WHAT YOU ARE ASKED TO DO → Below is a listing with pictures in it; transcribe exactly the lines from the one that has "Зеленая детская футболка" through the one that has "Fantasia Minnie Disney", and omit those pictures.

EXERCISE MATERIALS →
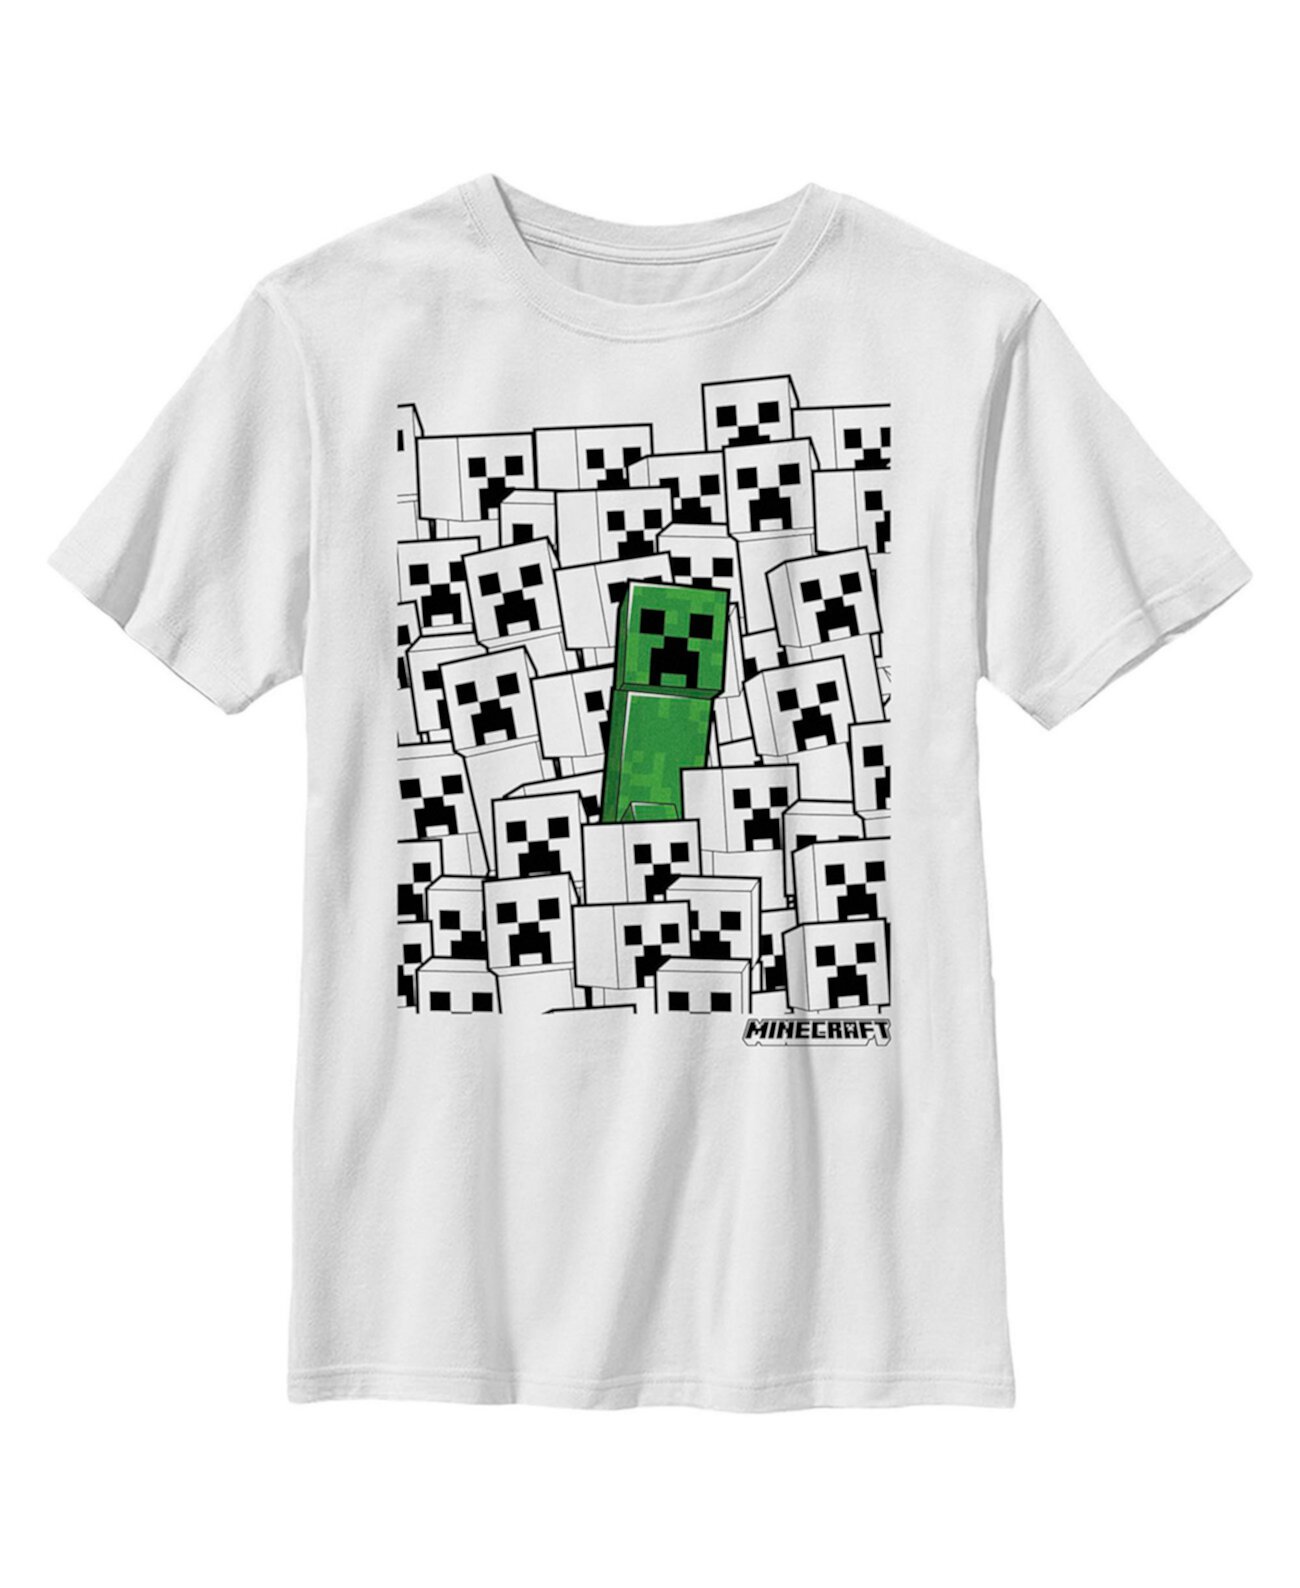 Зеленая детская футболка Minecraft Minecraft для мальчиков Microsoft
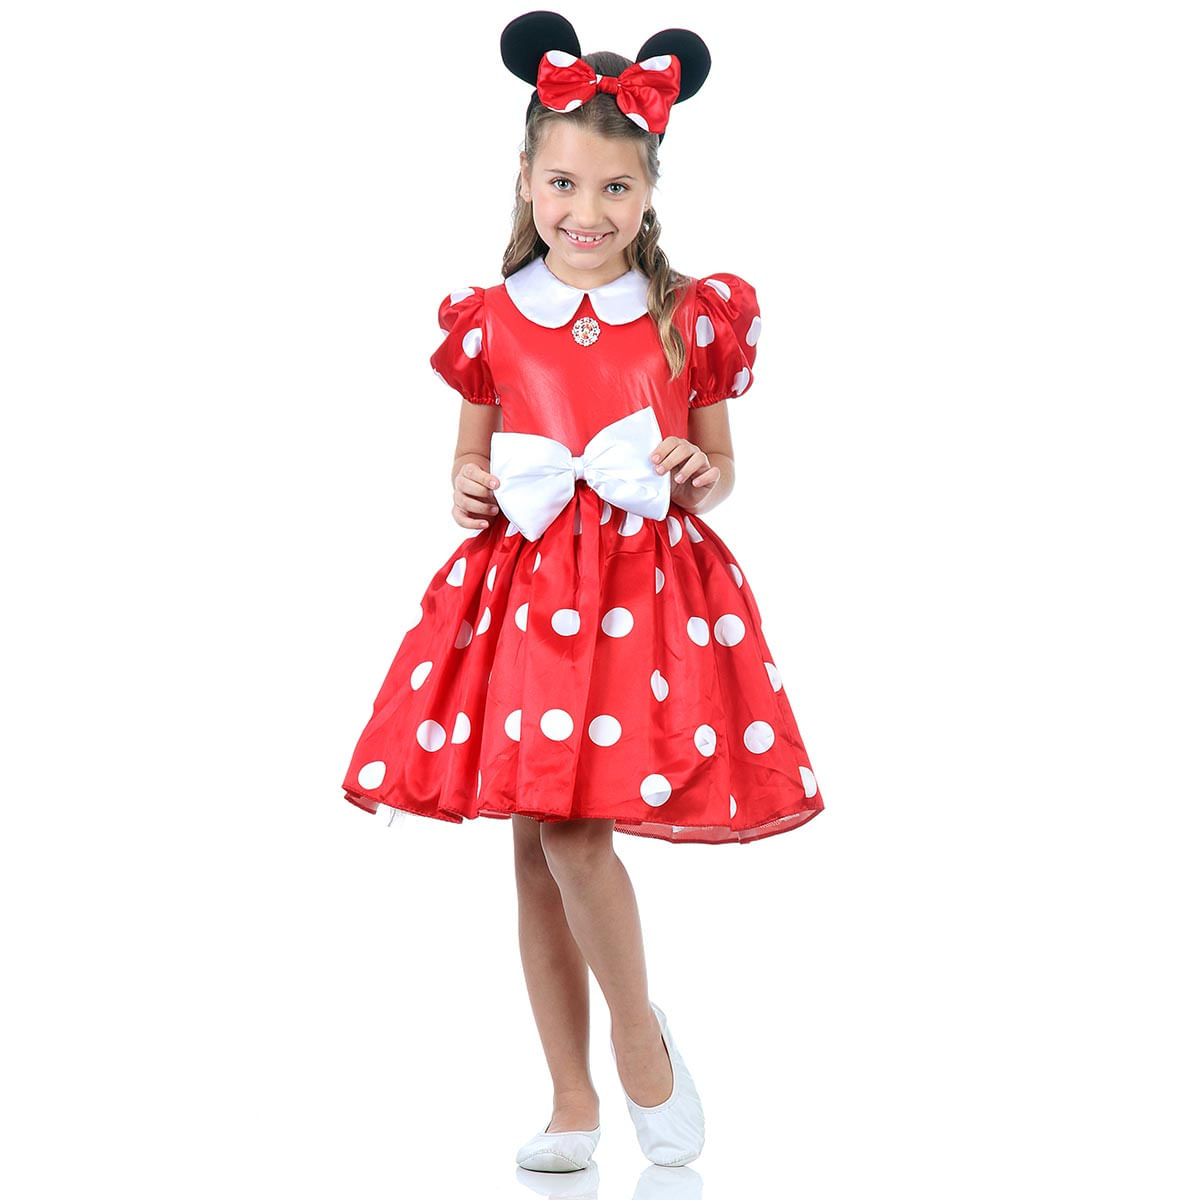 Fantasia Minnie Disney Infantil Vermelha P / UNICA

---

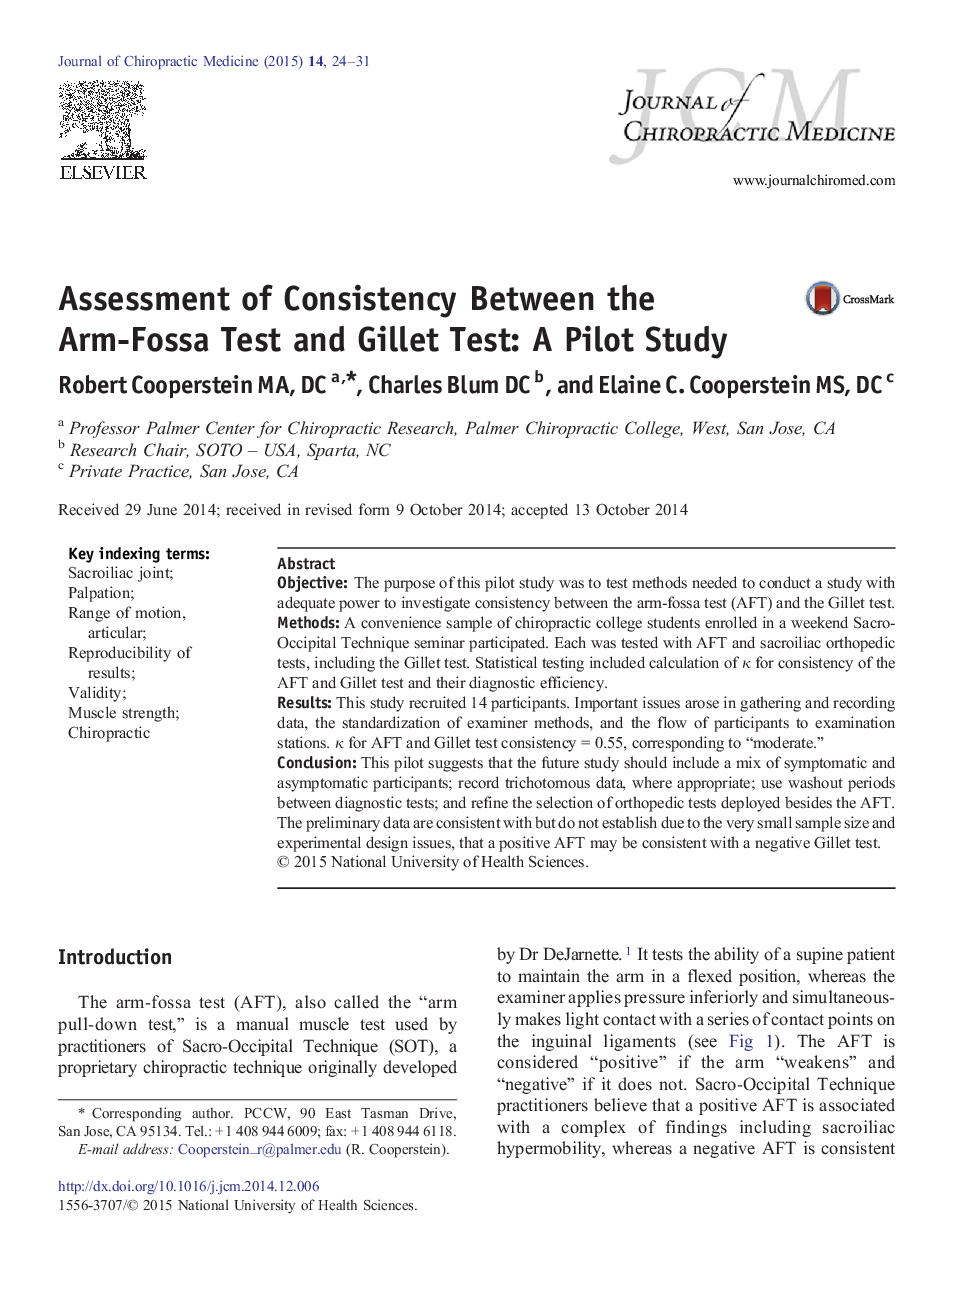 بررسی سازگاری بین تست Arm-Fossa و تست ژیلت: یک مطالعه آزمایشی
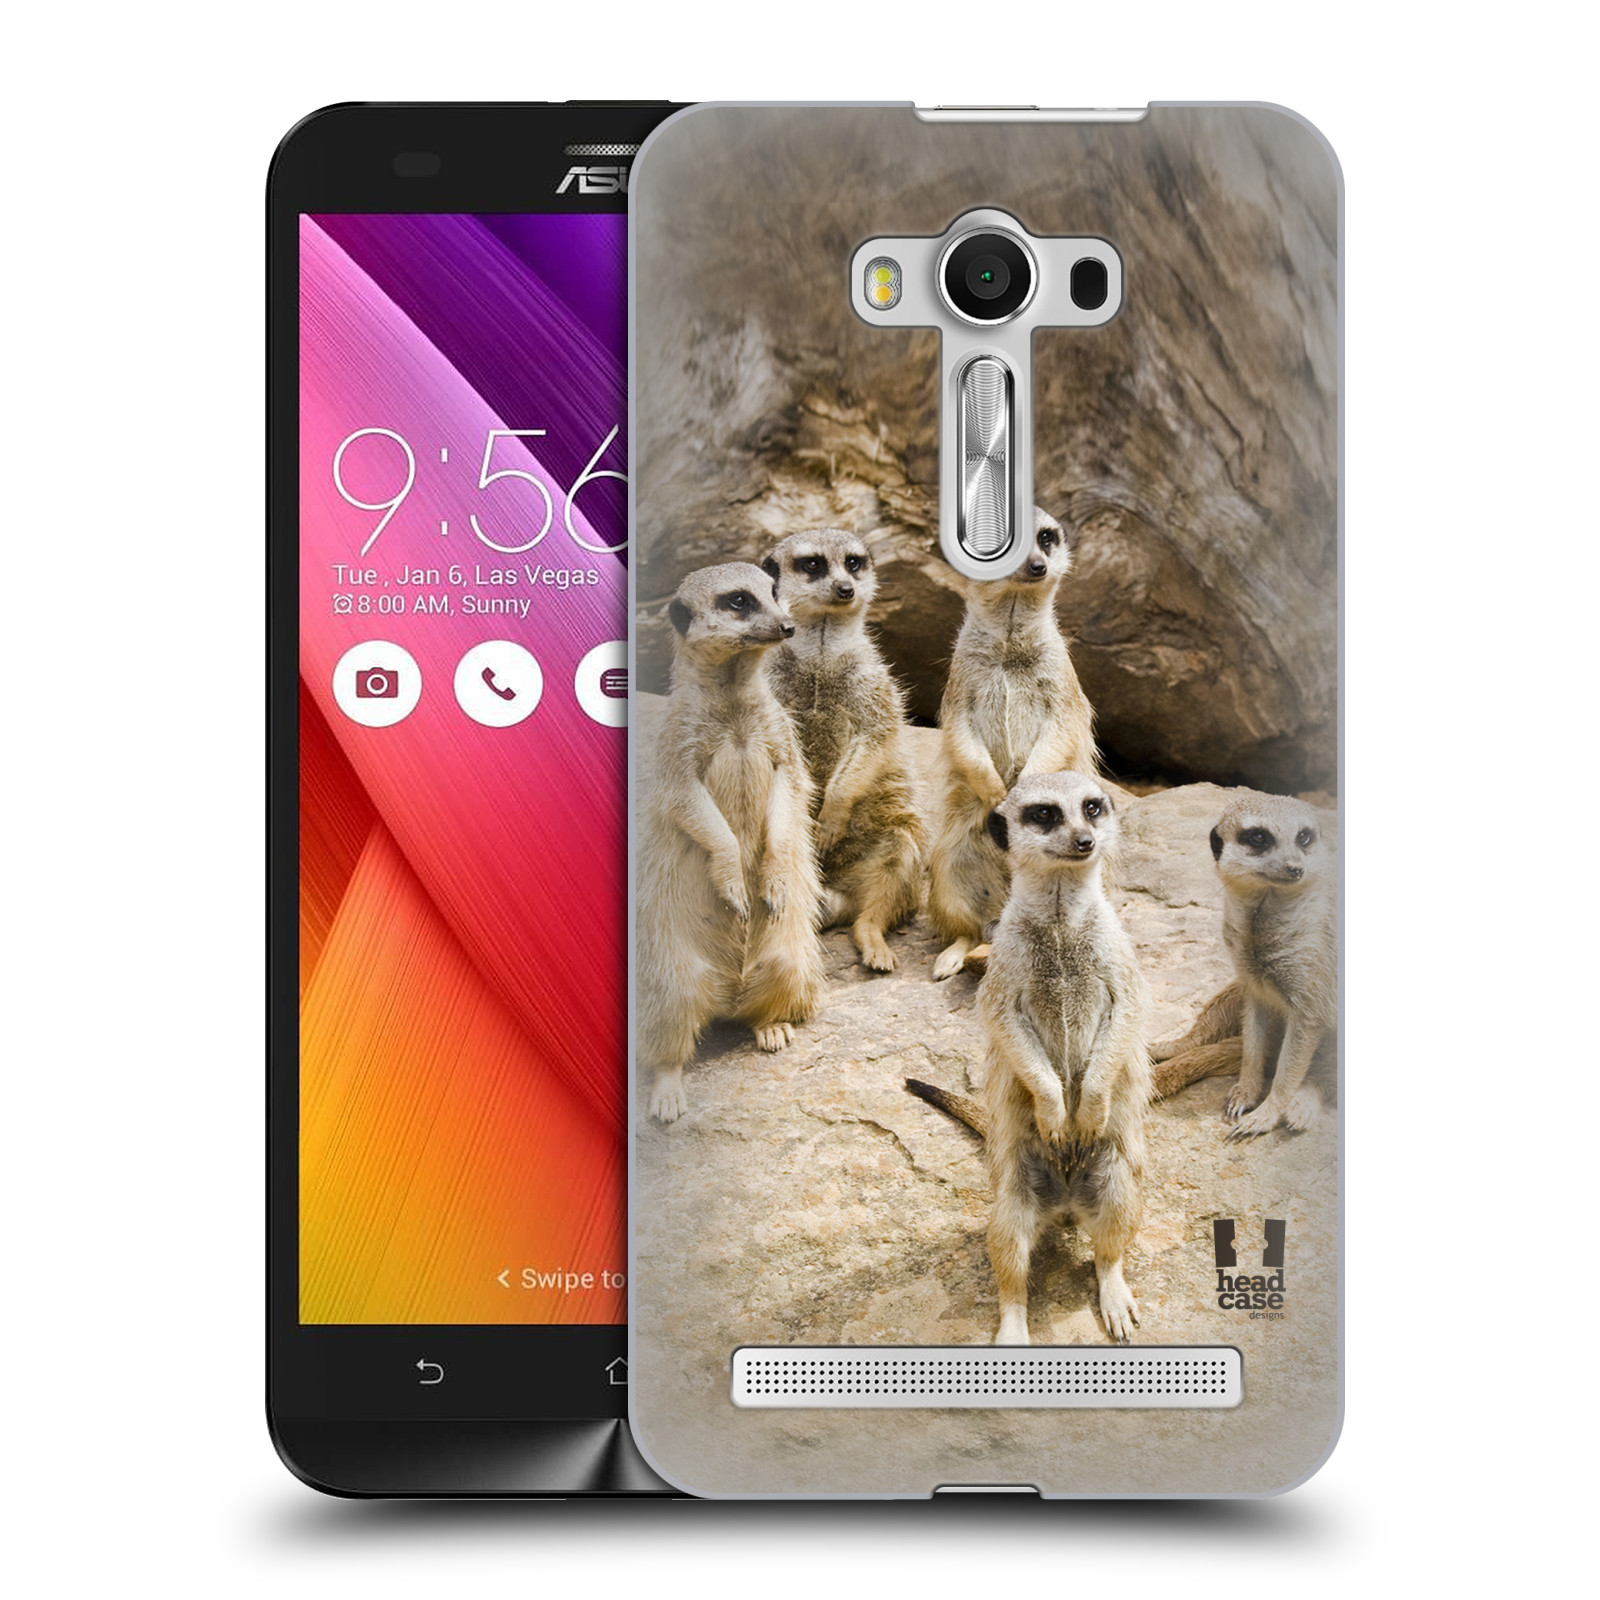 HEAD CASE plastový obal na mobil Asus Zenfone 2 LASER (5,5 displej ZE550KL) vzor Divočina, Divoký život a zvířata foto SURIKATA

==

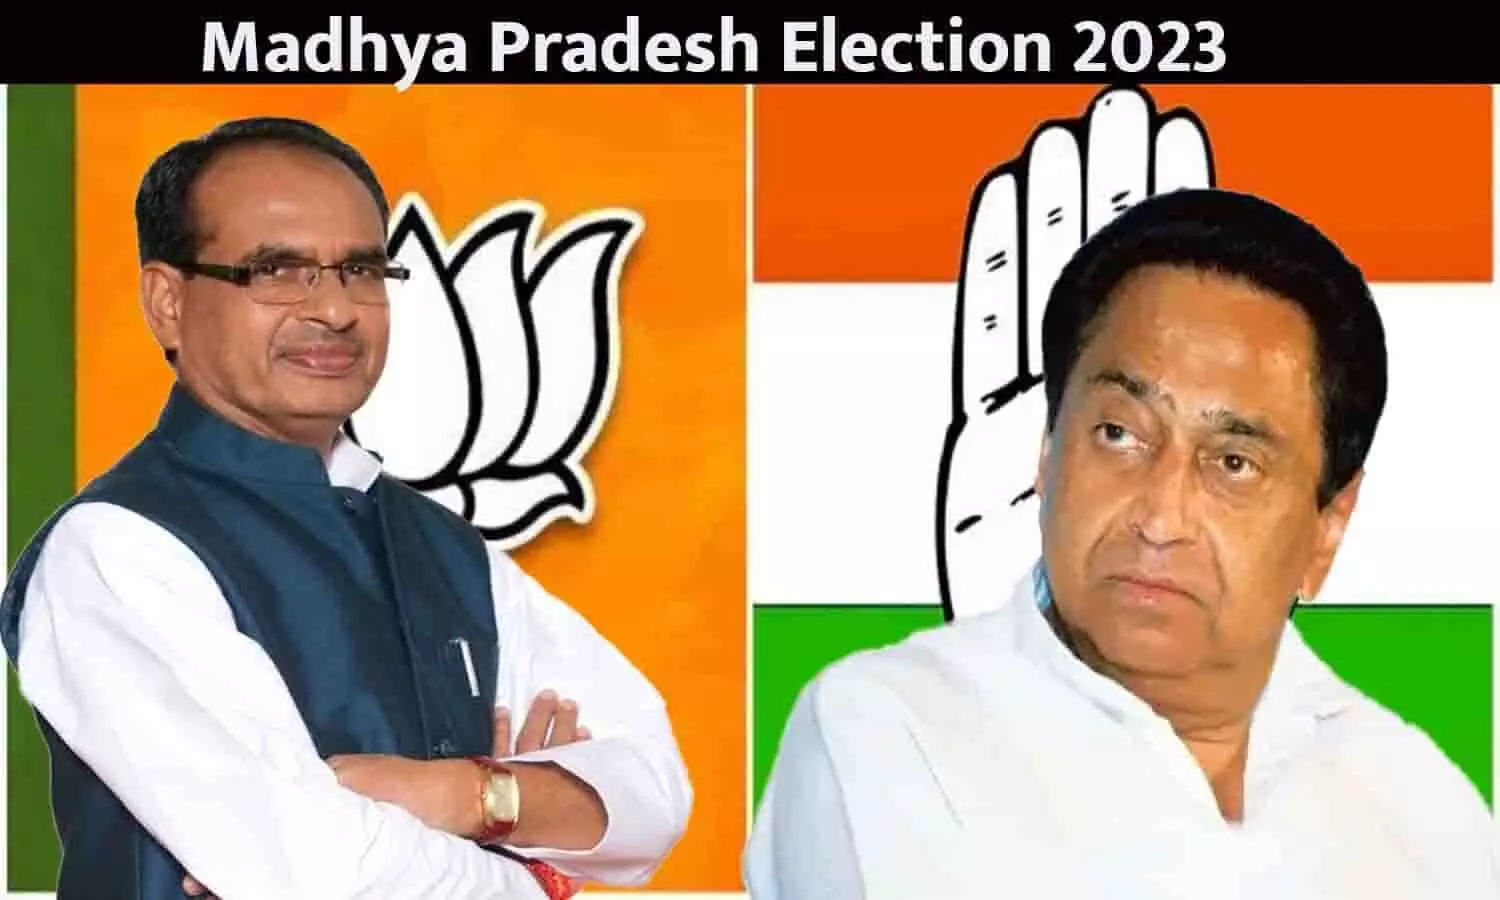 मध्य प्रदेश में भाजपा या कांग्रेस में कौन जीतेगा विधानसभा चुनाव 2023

TASK OUTPUT →
 Зеленая детская футболка Minecraft Minecraft для мальчиков Microsoft
 Fantasia Minnie Disney Infantil Vermelha P / UNICA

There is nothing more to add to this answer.